Design for Durability

All efforts to design an efficient structure are of limited sustainable value if the structure has a short service life and is demolished or destroyed after a few decades. If a wood frame structure does not stand for as long a time as it took the trees that went into its construction to grow, then it can be hardly classified as a sustainable building. Sometimes a robust structure that can be easily adapted to new building uses and loading conditions will be the most sustainable design.

The natural durability of wood has been proven by the multitude of buildings that have stood for centuries. While wood’s natural bio-based attributes make it a sustainable building material, it also makes wood vulnerable to decay and wood destroying insects. Proper design, installation and detailing are critical to ensure long-term durability.

When wood is used in exposed applications, or in areas where it is subjected to moisture and insects, it must be protected with mechanical barriers, coatings and, in some instances, preservative treatments.

Preservative Treatment

Wood can be impregnated with preservative chemicals to protect it from decay and insect damage. Many preservative compounds are toxic and protect the wood by poisoning decay fungi and insects. Common preservative treatment compounds such as CCA, ACQ, Copper Azole and pentachlorophenol, require special handling during manufacture and disposal after use. (CCA treatment is no longer available for residential construction but is still available for timber pilings, marine structures and other engineering applications.) The advantage of an extended service life must be balanced against chemical toxicity concerns. Although in most cases the chemicals are fixed within the wood, preservative-treated wood can result in adverse environmental impacts if not properly handled and disposed of.

Borates are not toxic to humans and other mammals, although they are toxic to termites and decay fungus. Most borate treatments are susceptible to leaching and are not suitable for applications where they are exposed to the weather. Their use is limited to applications such as sill plates, crawlspace framing, and other protected framing.

Naturally occurring decay-resistant species contain extractives in their heartwood that are resistant to decay and wood eating insects. Redwood, Cedar and Cypress are commonly used when natural decay resistance is desired.Wood waste is processed into landscape mulch.

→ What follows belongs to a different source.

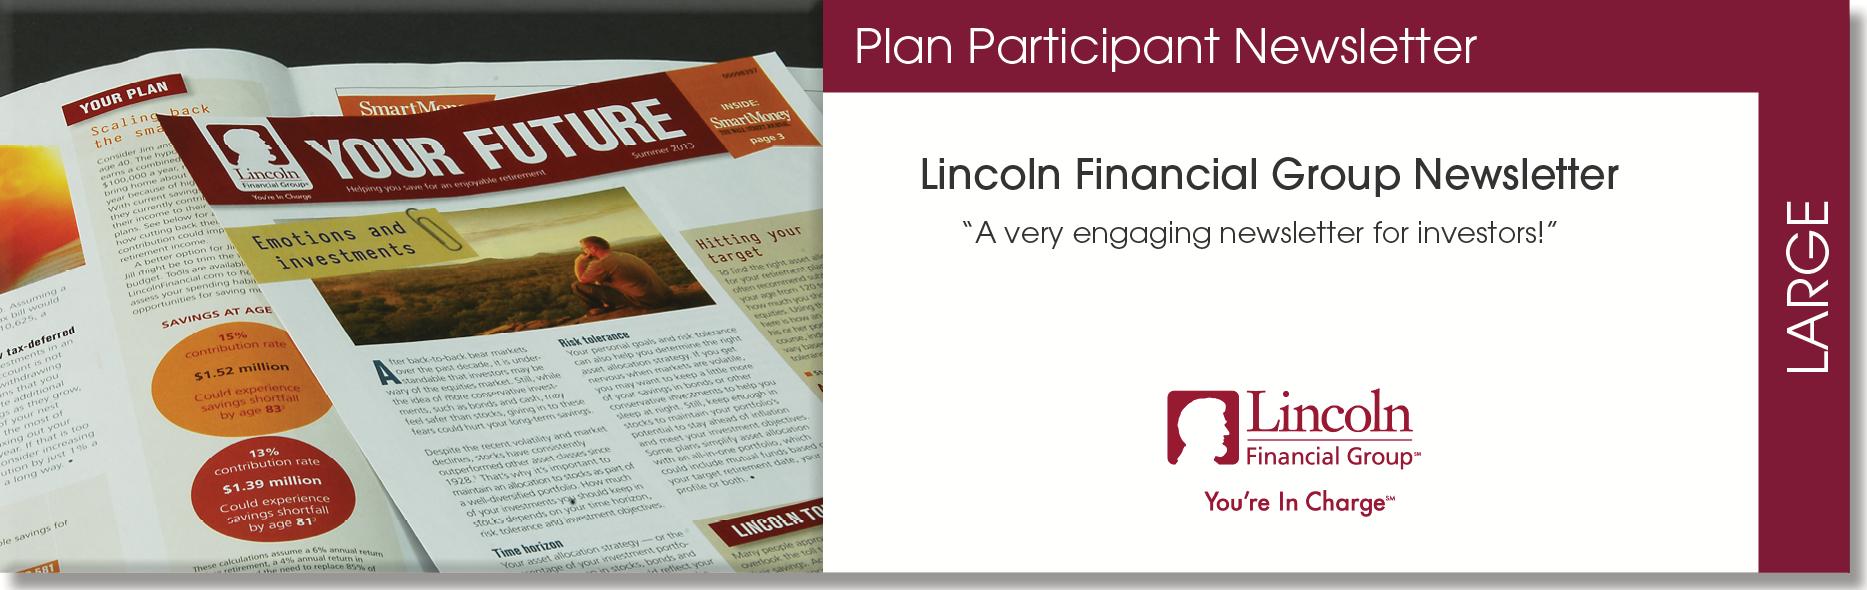 Large Plan Winner Image2

Deconstruction and Recycling

Within the manufacturing environment, wood waste is either recycled into the production process or used as process fuel.

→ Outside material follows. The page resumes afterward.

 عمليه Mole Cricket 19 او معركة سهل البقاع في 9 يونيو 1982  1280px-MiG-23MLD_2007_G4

At the jobsite, wood waste along with drywall scraps can be processed into landscape mulch. Studies have shown that mulch made from engineered wood products is suitable for landscape applications. Mulch is beneficial to plantings due to its ability to retain moisture in the soil and retard weed growth. Eventually, the mulch decays and contributes organic material to the soil.

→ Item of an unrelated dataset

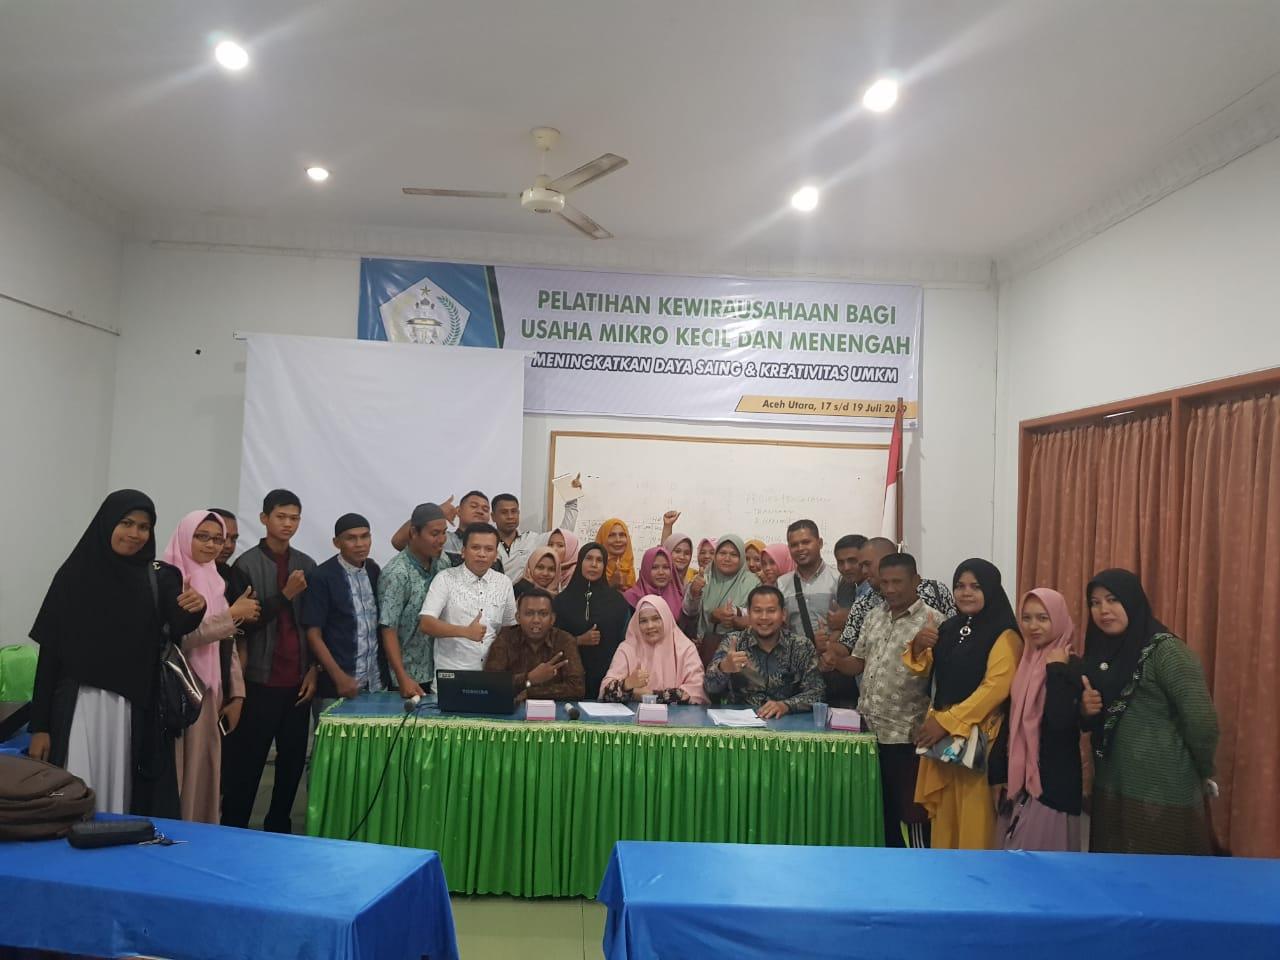 http://news.unimal.ac.id/index/single/360/dosen-fakultas-hukum-unimal-beri-pelatihan-kewirausahaan-di-disperindagkop-dan-ukm-aceh-utara

Demolition debris can be sorted and recycled. Larger structural timbers can be salvaged during deconstruction for re-use in other structures. Sorting and nail removal from light wood framing can be very labor intensive and impractical unless specialized tools are used.

Wood waste can also be used as a boiler fuel. Jobsite waste, demolition debris, manufacturing scraps and slash (branches and tree crowns) from logging operations can all be chipped and used as bio-fuel, displacing the consumption of fossil fuels.


A structural engineer endeavoring to design responsibly with wood should consider the following sustainable initiatives:

Specify wood products that come from sustainably managed forests.

Specify wood species that are grown in the same region as the project.

Utilize wood efficiently. Consider using prefabricated building components, engineered wood products and advanced framing techniques.

Design durable structures that are resistant to deterioration, and can be altered and adapted to new uses and loading conditions.

Specify non-toxic preservative treatments when appropriate.

Require that construction site waste and demolition debris be sorted and recycled, or used as biofuel.?

This article contains excerpts from SEI Sustainability Guidelines for the Structural Engineer, which is scheduled to be released later this year.